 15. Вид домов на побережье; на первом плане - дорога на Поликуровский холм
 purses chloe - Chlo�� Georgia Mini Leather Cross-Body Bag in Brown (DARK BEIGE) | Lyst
---
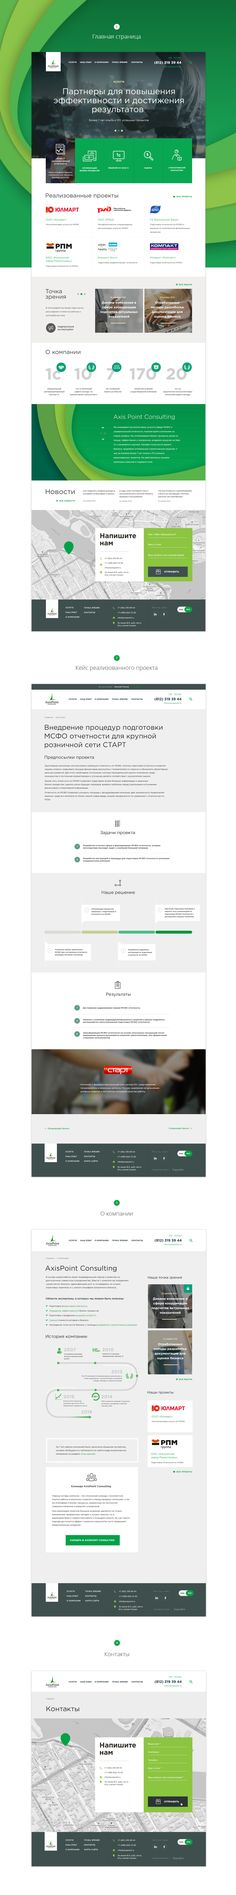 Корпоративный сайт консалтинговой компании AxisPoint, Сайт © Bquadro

▶ [Exercise instructions] Output, from the data above, the lines from the line with "15. Вид домов" to the line with "purses chloe - Chlo��" exactly as they stand, both ends included and nothing else.

▶ [Result below]
 15. Вид домов на побережье; на первом плане - дорога на Поликуровский холм
 purses chloe - Chlo�� Georgia Mini Leather Cross-Body Bag in Brown (DARK BEIGE) | Lyst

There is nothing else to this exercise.